Q. I sent you photos of two parts that are alloy 7050 forgings. On these parts there are spots that appeared as a result of Type III (hardcoat) anodizing that were not present before anodizing. They look like corrosion of some sort, but the corrosion looks a little different on each part. What causes these spots to appear and what measures can be taken to prevent or eliminate them after they occur?

A. I can see from the photos what appears to be electrolytic pitting on one part and what’s often called “snowflake corrosion” on the other. There are a number of conditions that can promote corrosion of this type. The key to discovering the cause and its remedy is for the anodizer to carefully observe the parts at each step in the process to determine which tank the corrosion occurs. Then they can do whatever it takes to try to prevent it.

This alloy is very active because of its relatively high amount of zinc. The Aluminum Association alloy designation tables show zinc in the range of 5.7 to 6.7 percent. Zinc is second only to magnesium of the most active metals on the chart of galvanic activity. The 7000-series aluminum alloys follow close behind zinc. This means that 7050 alloy can be very sensitive to electrolysis, also called electrolytic corrosion. 

The questions to ask are have these parts been run successfully in the past and is this the first time this condition has been seen? The most common occurrence of electrolytic corrosion is caused by stray electrical currents that surge throughout the plant from time to time. There are two ways stray currents can get to the parts, one is through the overhead crane; the other is directly through the tanks, if they are metal. 

There are ways to prevent this from happening.

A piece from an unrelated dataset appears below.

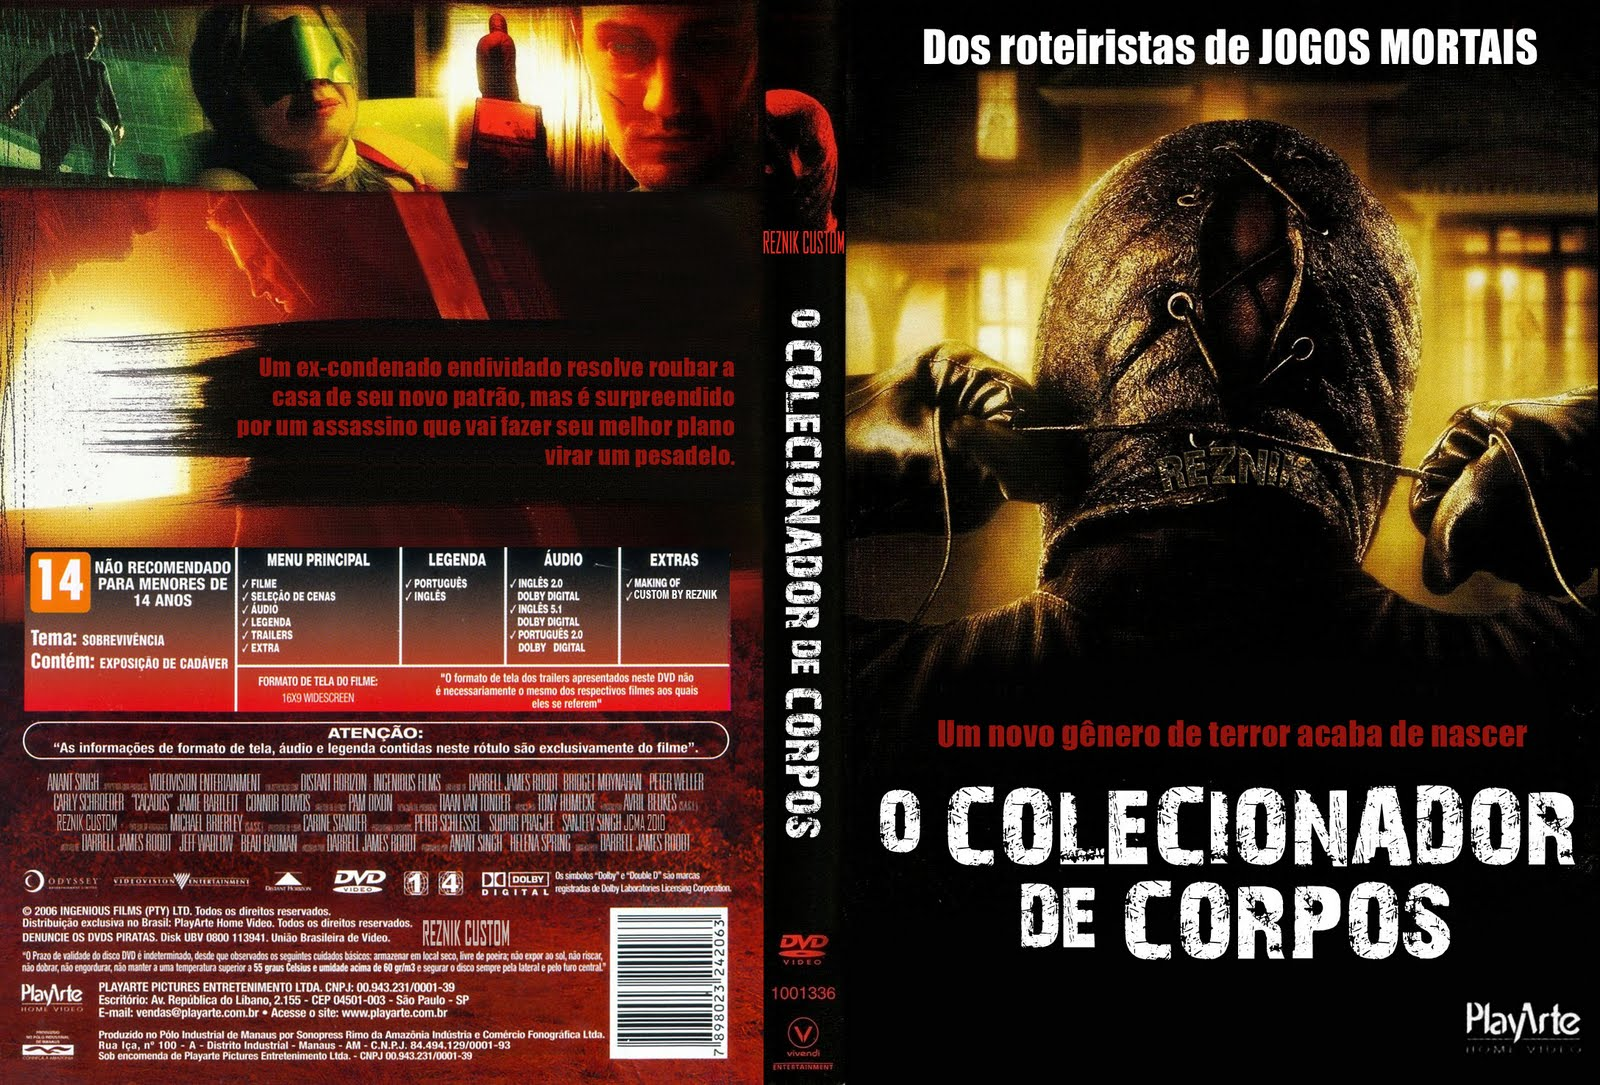 O Colecionador De Corpos DVD Capa

If the tanks are metal, make sure they are properly grounded. The best way to do this is to weld all of the tanks together with metal straps. Stainless steel angle make for a good strap, then weld a strap from any tank to the closest metal water line. Test all the tanks with a meter for proper ground, and if there is no metal water line available, find a nearby solid ground such as an anchor bolt of a steel building column. If this is not possible, a method that is also effective is to drill a hole through the concrete floor (not in the immediate vicinity of the tank line) and insert a long solid copper rod or bar well into the ground. Connect the ground to one of the straps or to a tank with a solid connection, then seal up the hole around the copper ground with silicone caulk or other suitable material. Non-metallic tanks do not need to be grounded.

All of the cranes over the line should be electrically isolated from the loads. Usually, the easiest way to do this is to insulate either the pick-up points on the anodizing load bars, or insulate the pick-up points on the hoist. Every hoist/crane/load bar pick-up design is a little different so you have to come up with a solution that will work for your situation. Whatever is done, make it rugged and permanent. You don’t want to be replacing the insulation frequently because it wears out quickly. Some fixes will be more difficult than others, but it is worth the time and effort to get it right, no matter what.

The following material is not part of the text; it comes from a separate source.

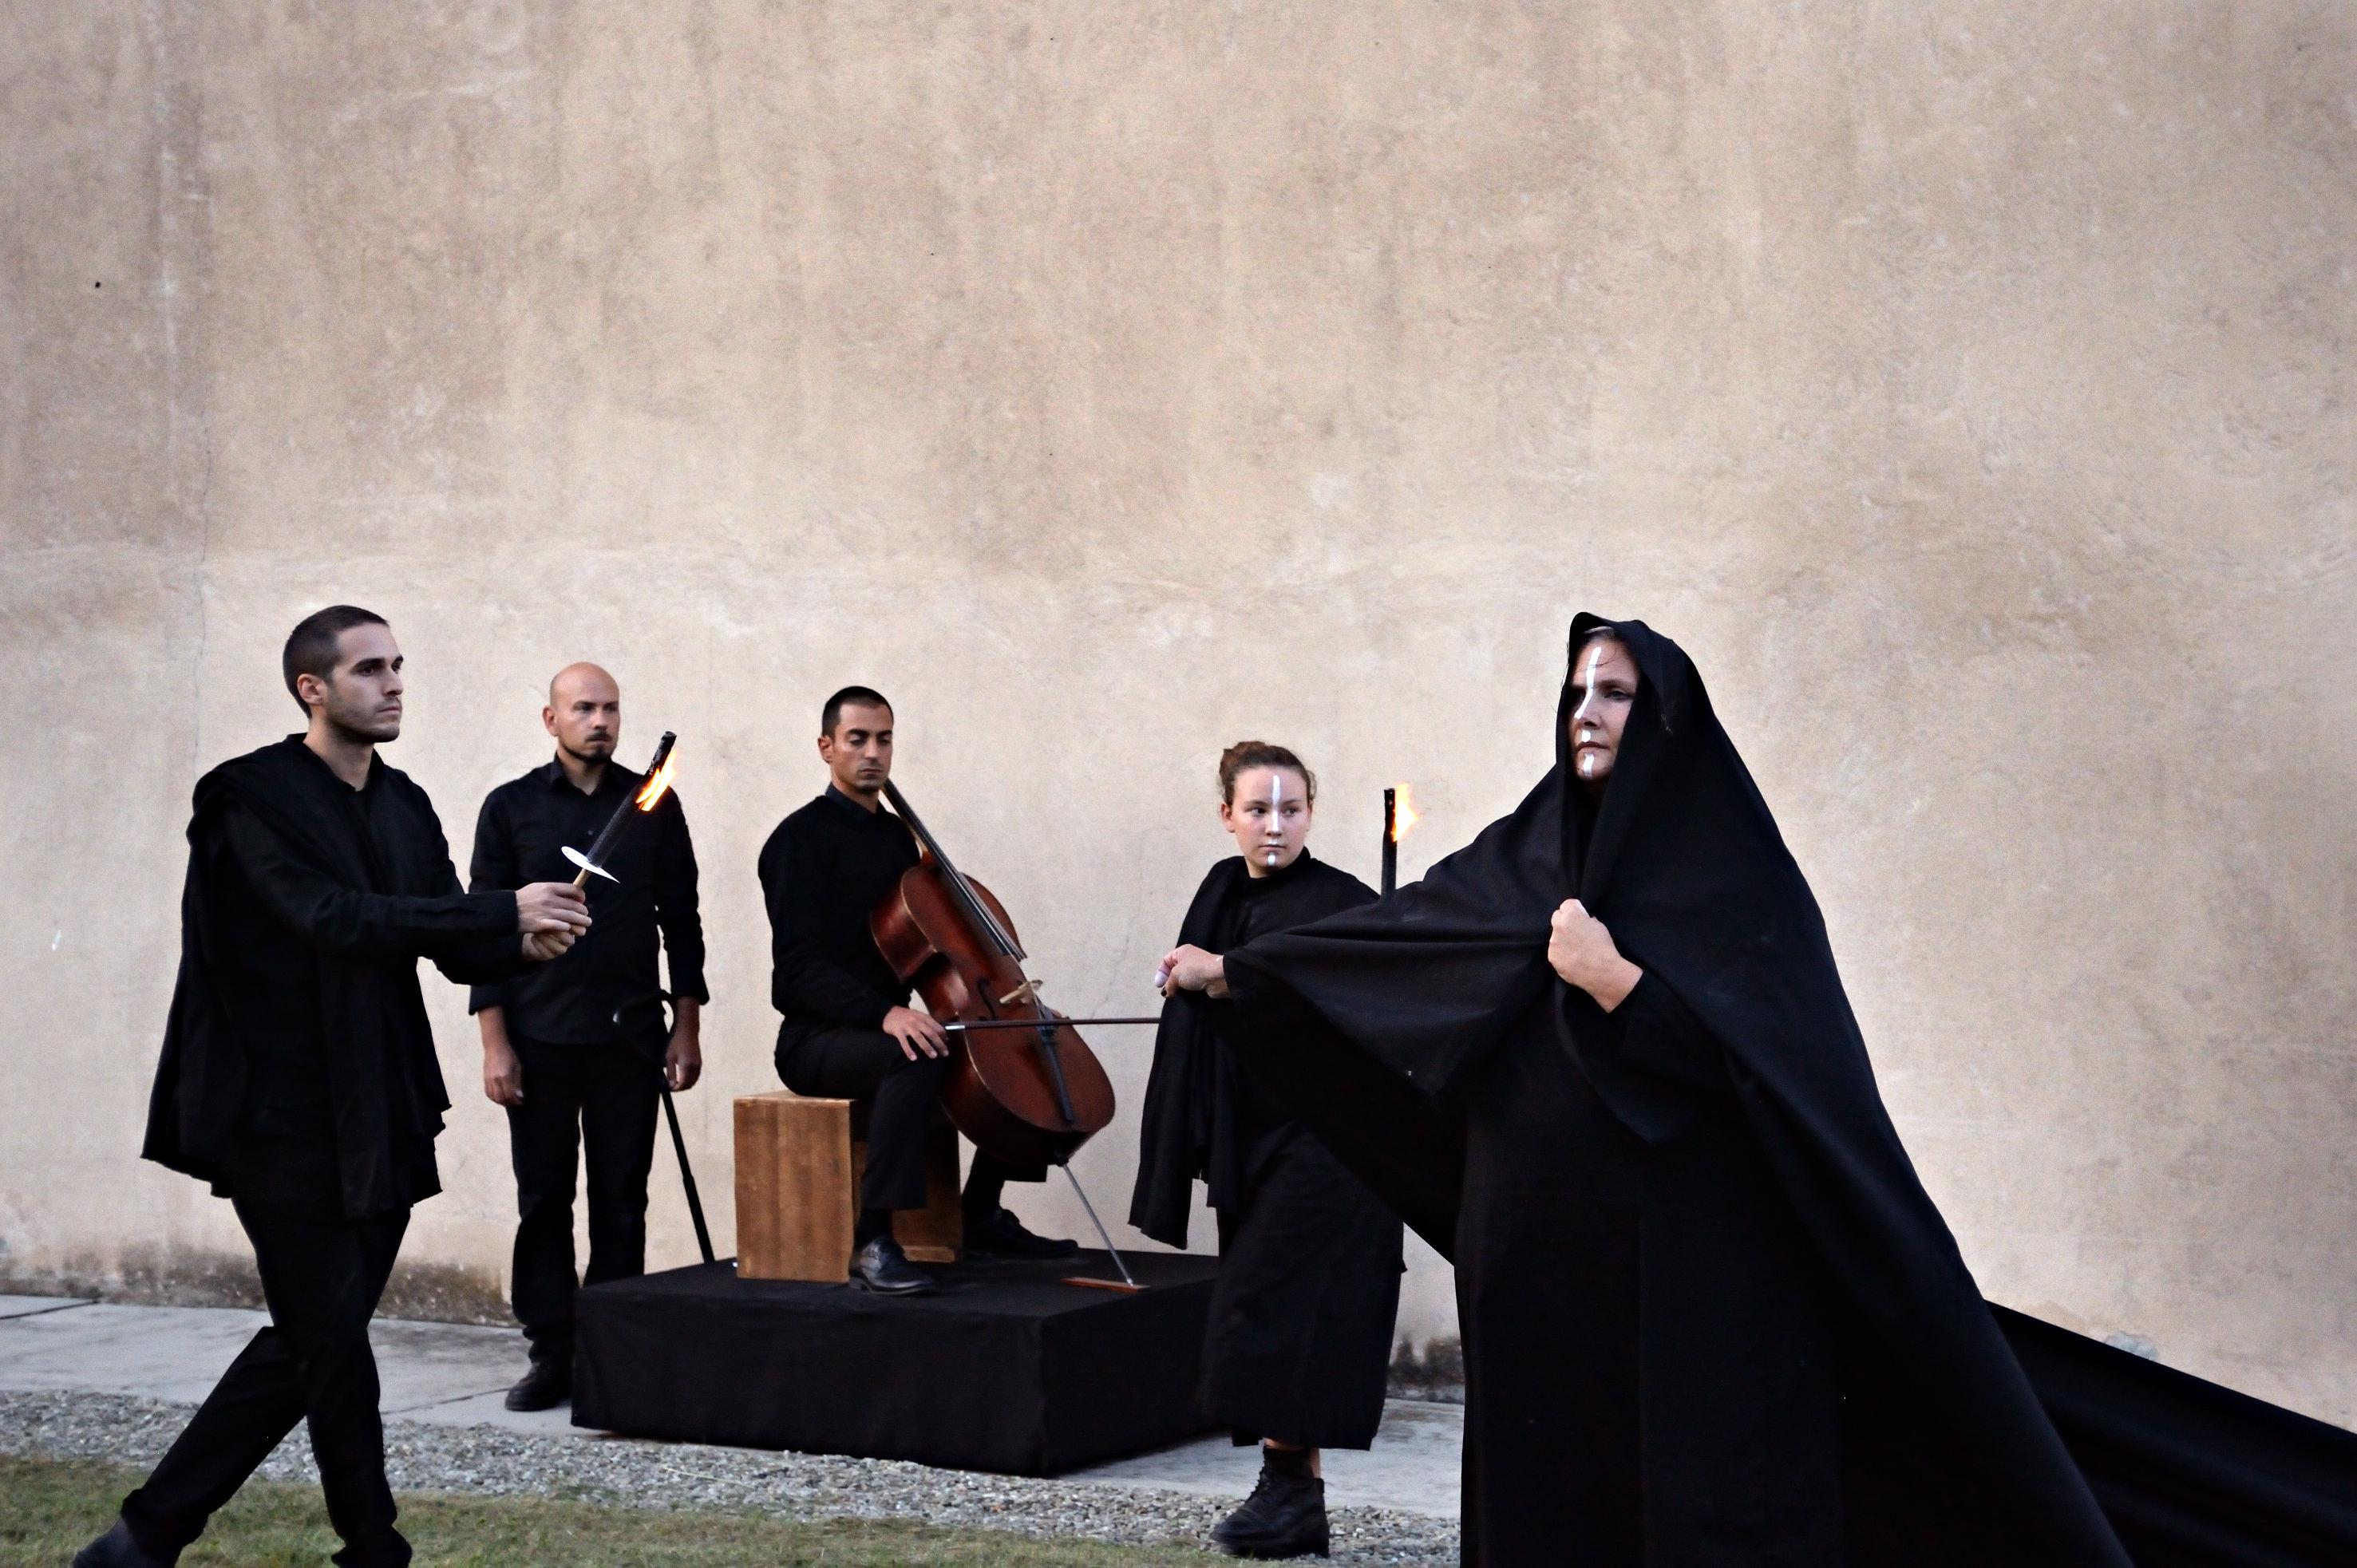 Requiem Antigone Franco Guardascione Periferico Festival MoCu modena cultura Archivio Zeta

If parts are left in a rinse tank too long, they can develop electrolytic corrosion in spite of best efforts to ground and isolate. With 7050 alloy, avoid letting the parts sit in any rinse tank at all. They should be rinsed and moved immediately to the next process step as a precaution. Make sure loads are electrically insulated from metal tanks by using a suitable plastic plate at each end of the tank to rest the loads on as they progress through the line. Polypropylene is a cost-effective option for this. Other materials include PVC or a glass-epoxy phenolic called G-10. Some anodizing lines use oak boards or 2 x 4s. These are effective, but they can eventually become saturated with water or chemicals, which causes them to lose their effectiveness as a dielectric.

It is safest to use aluminum racks for these parts in order to prevent any possible galvanic action between dissimilar metals, i.e., the aluminum parts and titanium racks. This can sometimes happen when the surface area of the titanium rack is larger than the surface area of the aluminum parts. It’s something to be aware of.

Electrolytic corrosion seems to happen most often in the aqueous cleaning tank. Nevertheless, it can happen in any tank. I have never known it to happen in the anodize tank.

Your anodizer is probably aware of all of these things. However, even if the tanks are properly grounded and hoists are electrically insolated, it does not mean that this is a permanent fix. It is best to make this part of a regular preventive maintnance check, perhaps on a monthly basis.


Keeping the Lab Records

Q. What type of software would you recommend to track the chemistry on an anodizing line? We currently use Microsoft Excel spreadsheets.

A. There are various software products available that will do this. An internet search will bring up a few canned programs. Creating your own custom forms using Excel is also a simple and effective way to manage the anodizing bath parameters. That way the forms can be developed to exactly fit your own system. I have used this method in the past using “X bar R” (high and low limits–simplified Six Sigma-type charts) to transfer the titration, pH or even temperature results onto. The charts can be particularly effective if copies are physically posted in the anodizing department each day for all to see. It only takes a quick glance at the charts to see whether a process is under control or not. 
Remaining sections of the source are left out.